Contributor: Nick Hawkes
Sacubitril/valsartan reduces morbidity and mortality in patients with HFrEF, so why has the adoption of this therapy in the outpatient setting been so slow?
DeVore et al. used data from the CHAMP-HF registry, a 121 site-based registry of outpatient HF management. They examined the use of sacubitril/valsartan over a 2 year period in the enrolled practices.
Patients with HFrEF (EF<40%) treated with sacubitril/valsartan (n=616) were compared to patients prescribed an ACEI/ARB (n=2506) or neither sacubitril/valsartan or an ACEI/ARB (n=1094). Patients taking sacubitril/valsartan were younger (63 vs 66 ACEI/ARB vs 69 neither, p<0.001), less likely to have chronic kidney disease (15% vs 17% ACEI/ARB vs 30% neither, p<0.001), more likely to have cardiac resynchronization therapy (12% vs 7% ACEI/ARB vs 7% neither, p<0.001), with a lower ejection fraction (27% vs 30% ACEI/ARB vs 30% neither, p<0.001). Larger practices, namely those with more cardiologists and advanced practice providers, were associated with higher sacubitril/valsartan use.

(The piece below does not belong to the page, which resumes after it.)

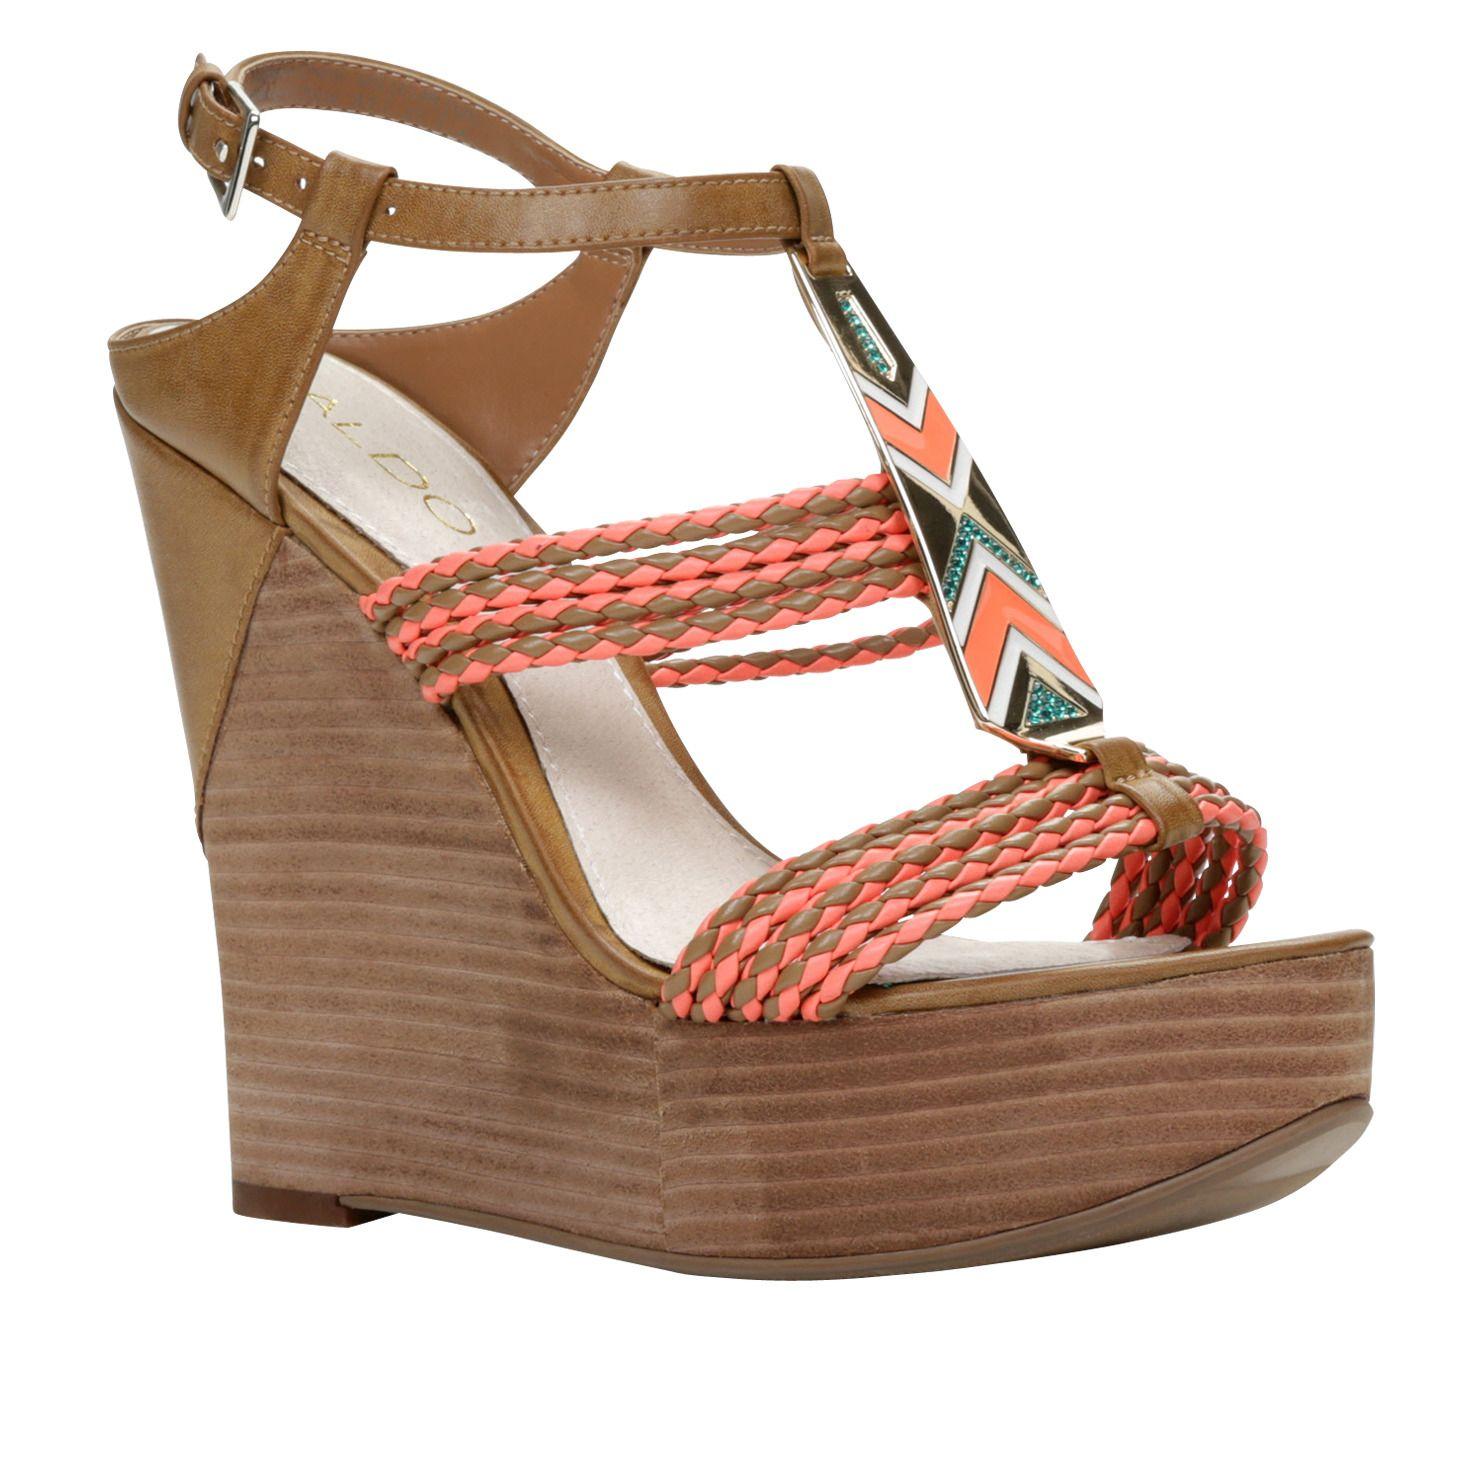 GWEASIEN - women's wedges sandals for sale at ALDO Shoes.

Further analysis showed that patients taking sacubitril/valsartan were less likely to be of Hispanic ethnicity, more likely to have private insurance, more likely to have a college degree, less likely to be unemployed, and more likely to be treated with beta-blockers, aldosterone antagonists, and ivabradine. Of note, over the two years of the study, the portion of patients treated with sacubitril/valsartan rose from 9% to 24%.
No study is perfect. CHAMP-HF is composed of voluntary contributing sites and this analysis only includes patients who had data in multiple surveys over time. Additionally, the investigators were not able to analyze costs, access, and formulary issues that may have influenced prescribing.